Many thanks as well for the detailed answer. I was not aware of the assumption that there is a latent monthly process underlying the quarterly observations. To clarify, should I be taking 3-month averages of monthly forecasts to be the forecasted quarterly data at the end of the 3-month period? Or should I be taking an individual monthly forecast to be the forecasted quarterly data for the quarter ending on that month?

ankargren commented 5 years ago

Good to hear!

Yes, you should take averages over the months within each quarter. The reason why the current version of the package does not do that is that I didn't want to assume too much about the structure of the input (e.g. dates etc), but I've come to a change in opinion with regards to that. The new version will be a little stricter, but on the flipside that means it will compute the quarterly forecasts.

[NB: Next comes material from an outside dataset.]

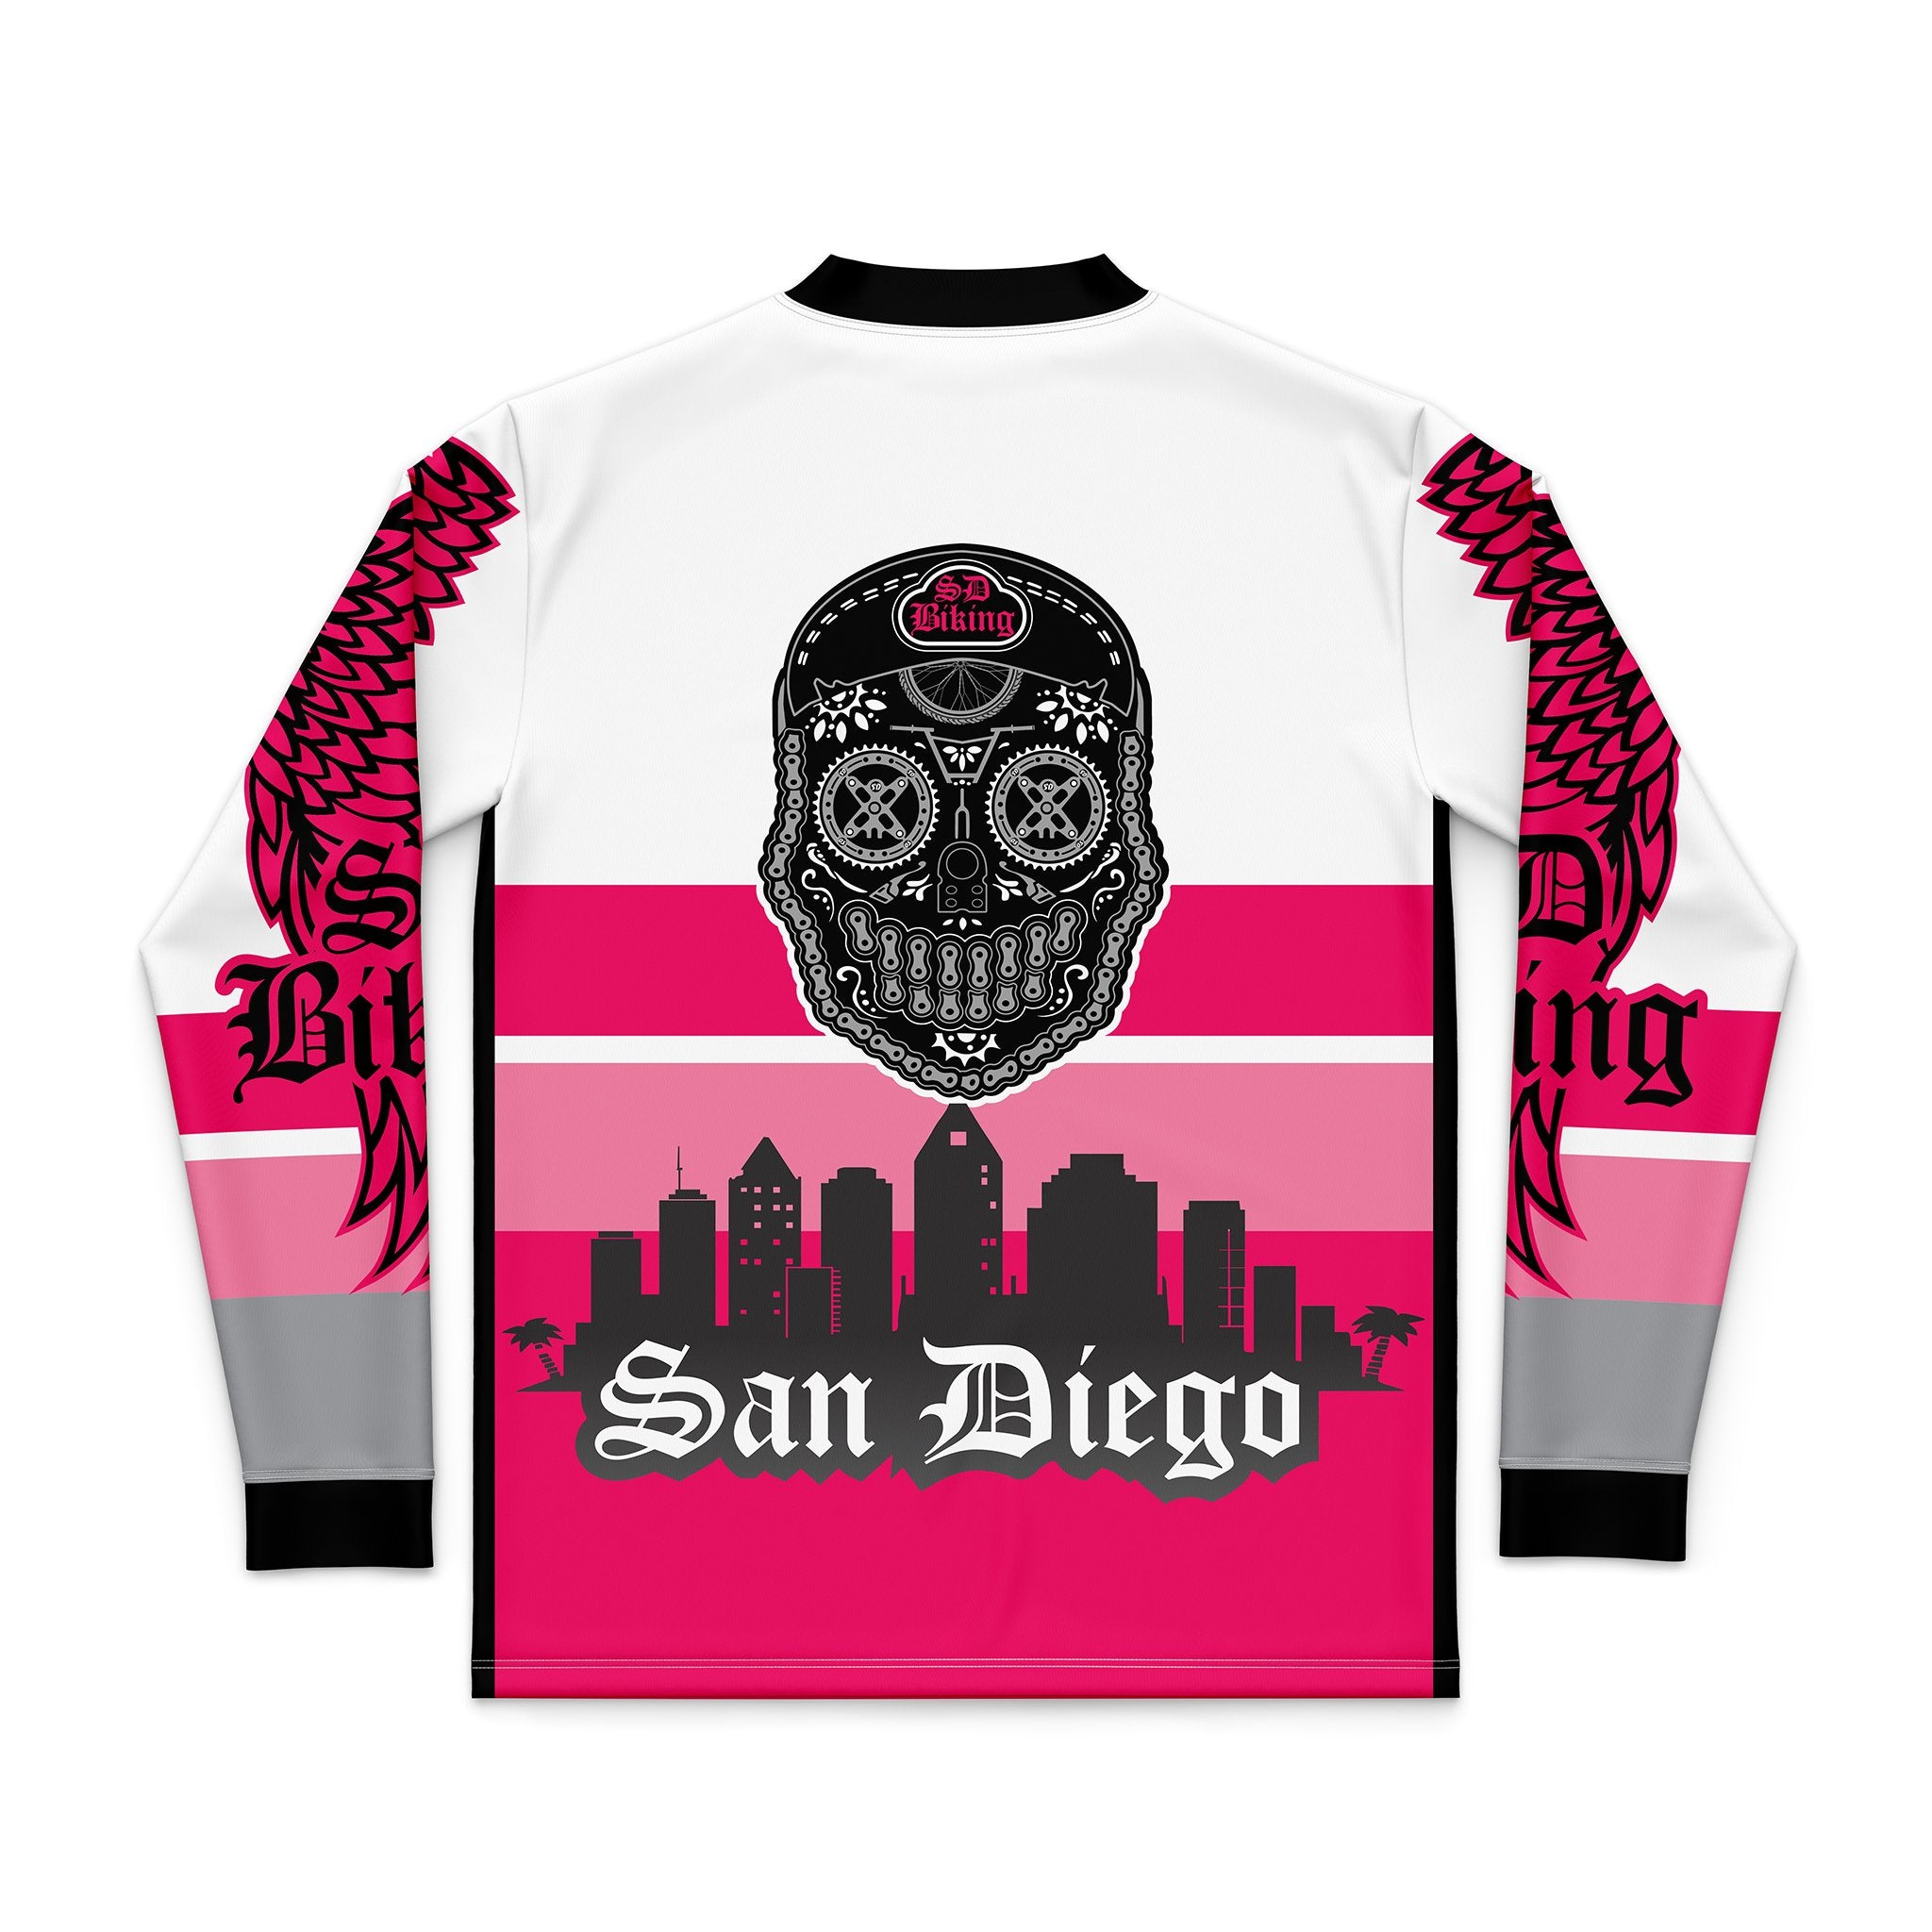 Youth Long Sleeve, V-Neck Pink Retro, Breast Cancer Awareness Jersey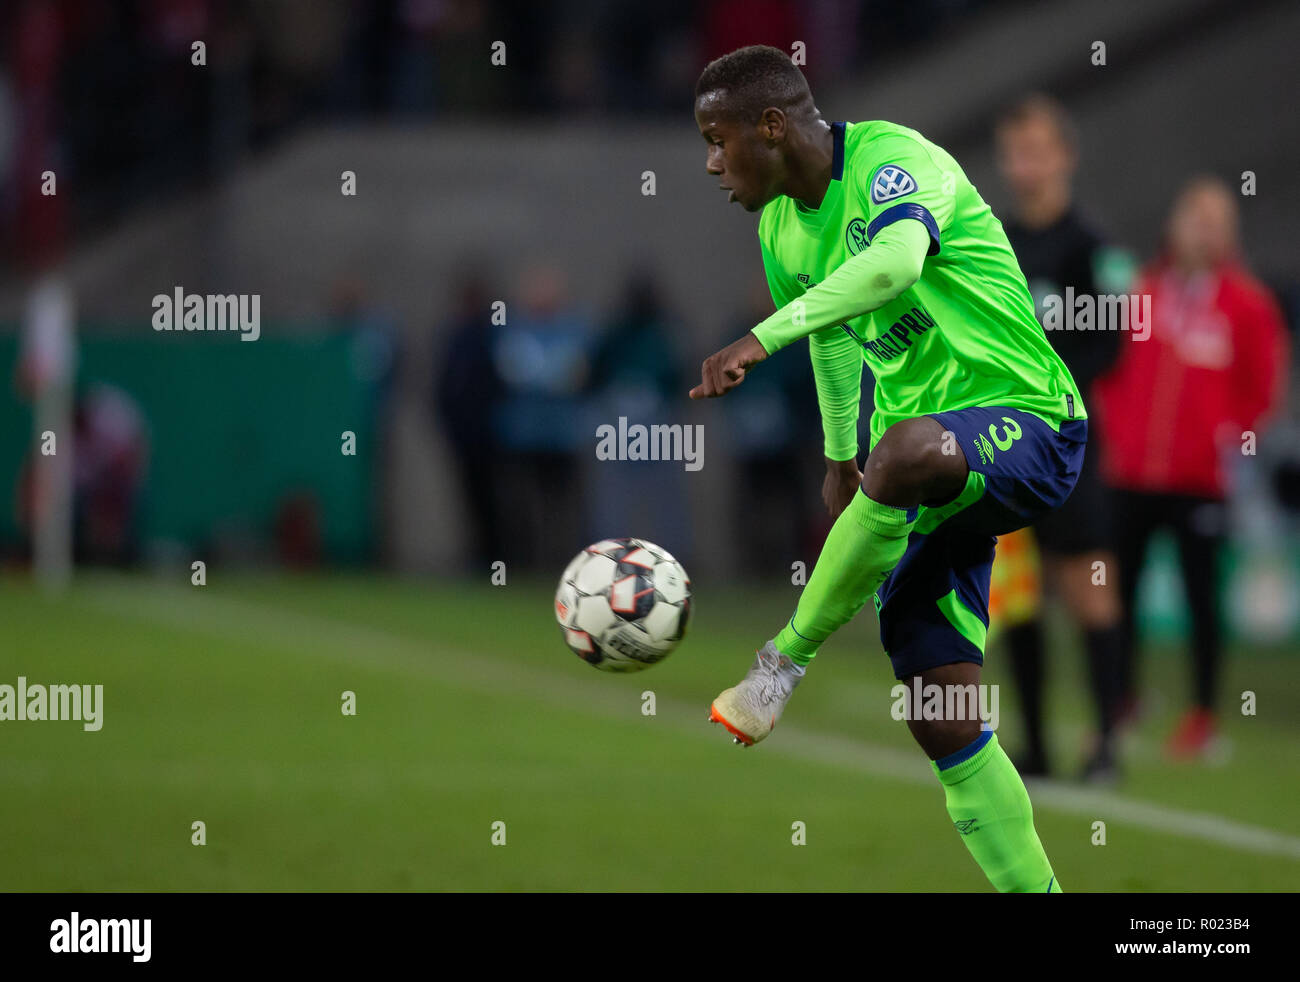 Cologne, Germany October 31 2018, DFB Pokal, FC Koeln - FC Schalke 04: Hamza Mendyl (S04) in action.                 Credit: Juergen Schwarz/Alamy Live News    DFB REGULATIONS PROHIBIT ANY USE OF PHOTOGRAPHS AS IMAGE SEQUENCES AND/OR QUASI-VIDEO Credit: Juergen Schwarz/Alamy Live News Stock Photo

To get things right, if you want the quarterly forecast in the simulated example you provided you would need to do: quantile(colMeans(model_ss$Z_fcst[11:13, 3, ]), probs = 0.5) to get the median forecast of the quarterly variable. (That would also require you to use n_fcst = 3 or higher.) Your input here is very valuable here actually, it makes it clear for me what I need to clarify in the package. I'll make sure this is better documented in the new version. (If you have further questions, feel free to send me an e-mail.)